Comment 11: [Figure 5, line 306: According to ddCt method the control value should be equal to 1. Therefore, the corrected results may not support the authors statement. The calculations should be corrected. As the number of patients was less than 30, the non-parametric statistics should be used while the graphs should be constructed using box and violin approach.]

Here we want to thank the reviewer for the valuable opinion. In correction as the reviewer suggested, we re-run the statistics on the delta CT data. Due to a clear distribution in QQ-Plot (see attached file Figure 2) and confirmed by normality tests, we applied one way ANOVA and found significant MMP1 modulation, which fits the preliminary results from our following unpublished study. Therefore, we have rewritten the passages: Results, Discussion and Conclusion and changed figure 5. But to verify the data results, we also applied Friedmanns test and Wilcons test and obtained the same results like in ANOVA, which speaks for the reliability of data as shown in the revised manuscript. 

Comment 12: [Lines 261,263,265: The abbreviation for PCM should be disclosed.]

The word “pericellular matrix” is now introduced in line 280.

Comment 13: [Line 325, 337: The number of patients used in these experiments should be indicated.]

as commented in Comment 2, we added number of patients in the different sections. 

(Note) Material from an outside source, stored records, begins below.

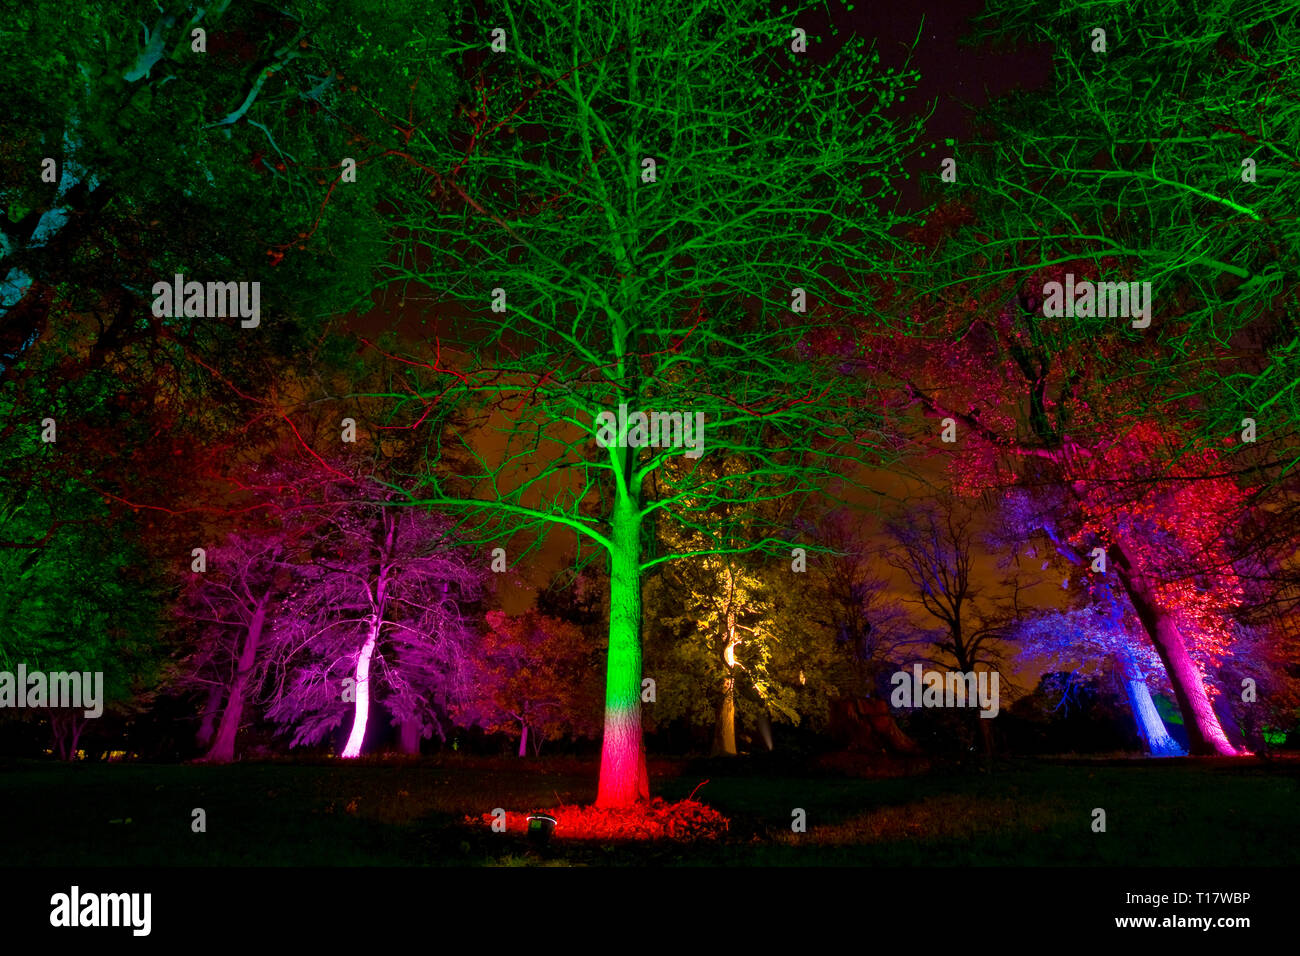 Alberi illuminati nel bosco di notte con colori brillanti Foto Stock
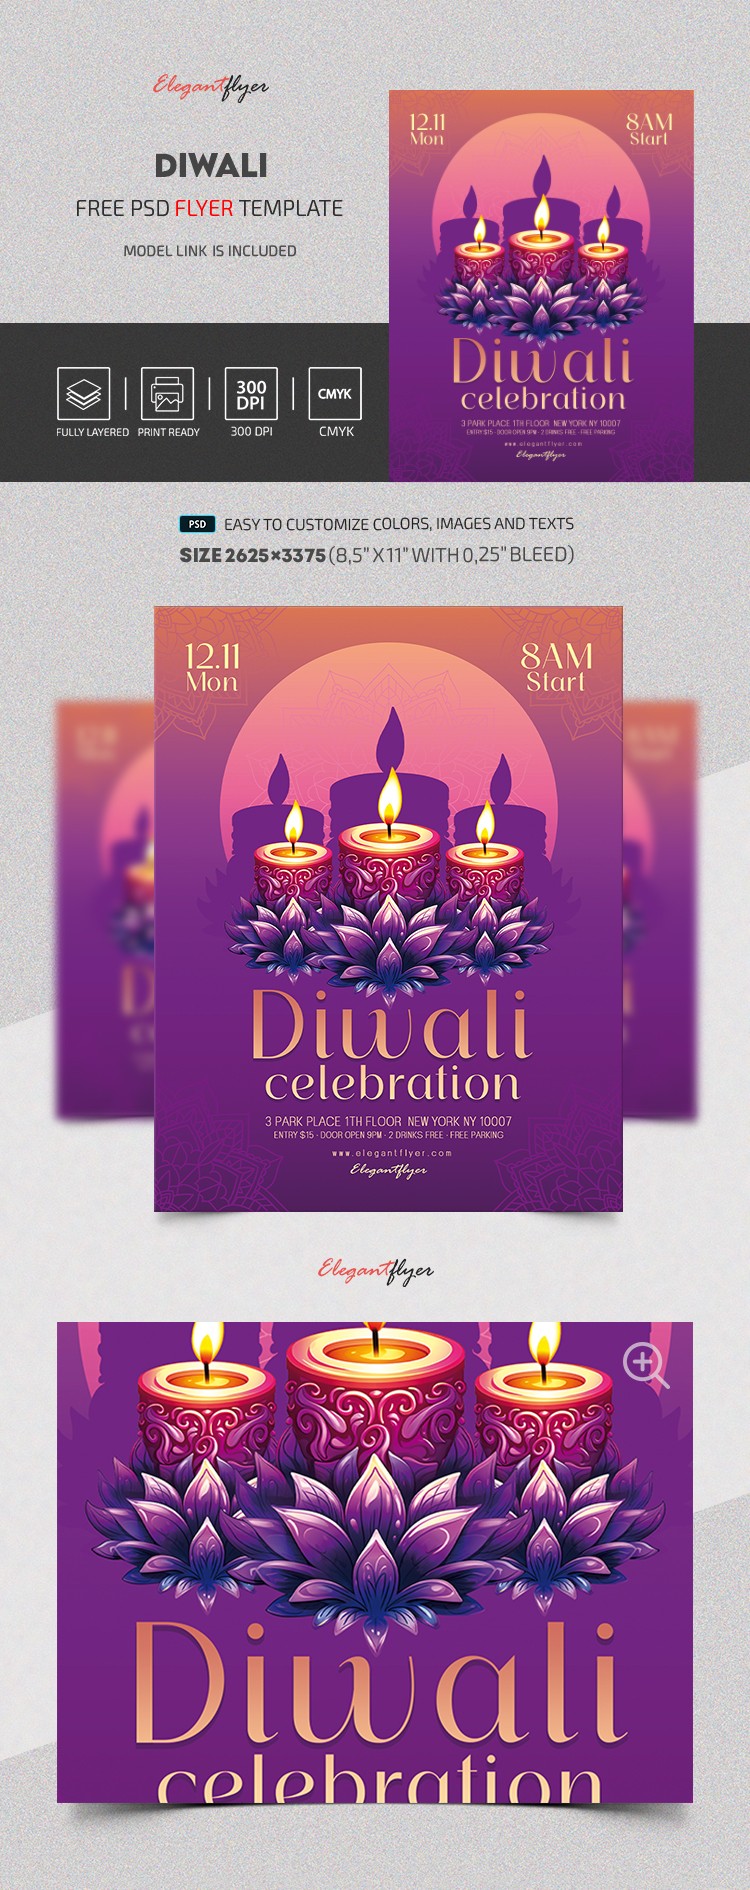 Célébration de Diwali by ElegantFlyer
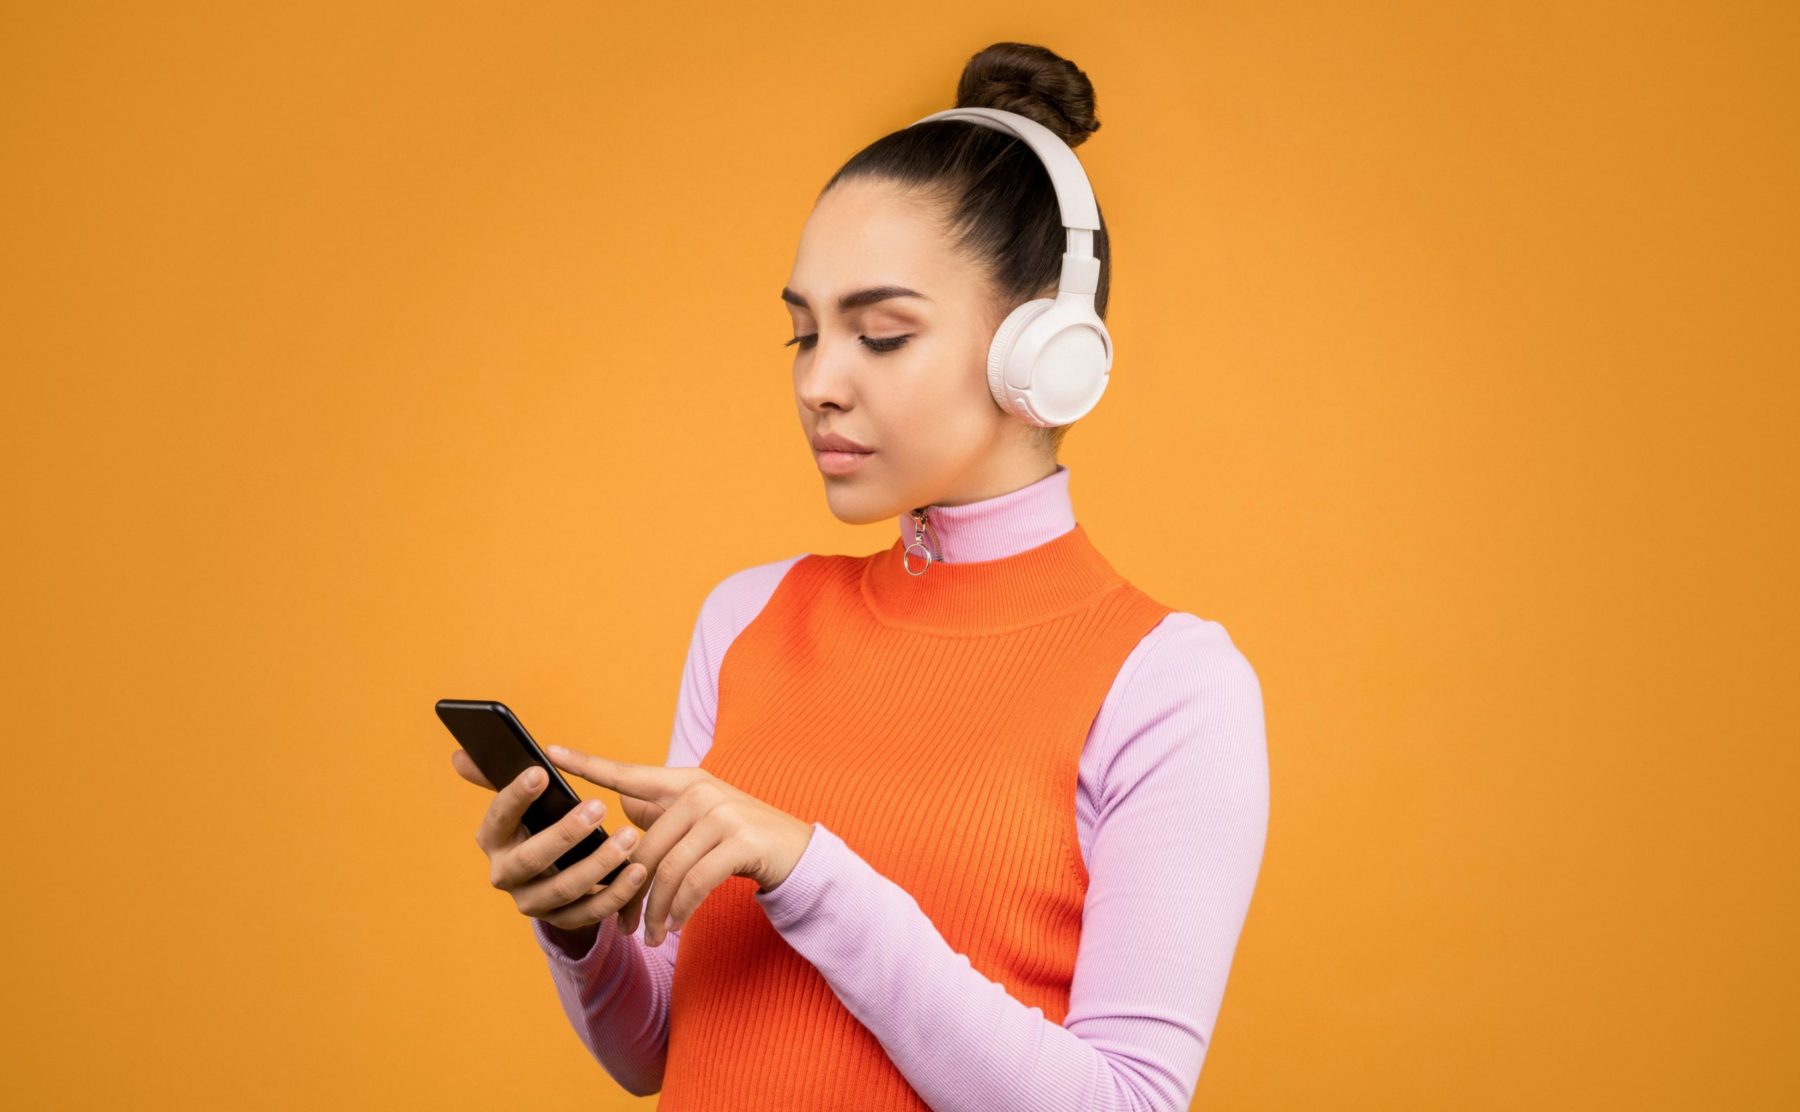 Devant un fond orange, une jeune femme est sur son téléphone. Elle porte un casque pour diffuser de la musique.

Comment 14 [Line 420-441: The detailed protocol of PCR examination should be presented.]

Detailed protocol was followed analogous to previous reports of our group, references see line 511

Comment 15: [Lines 442-448: As the number of patients was less than 30, the non-parametric statistics should be used while the graphs should be constructed using box and violin approach.]

see our answer in Comment 11. 

Comment 16: [The conclusion should be rewritten in accordance with corrections applied.]

See Line 542 - 549: Conclusion has been adjusted. 

Author Response File: Author Response.docx

Round 2

Reviewer 1 Report

Comments and Suggestions for Authors

I reviewed the manuscript again, and for me the revision done by the authors is okay.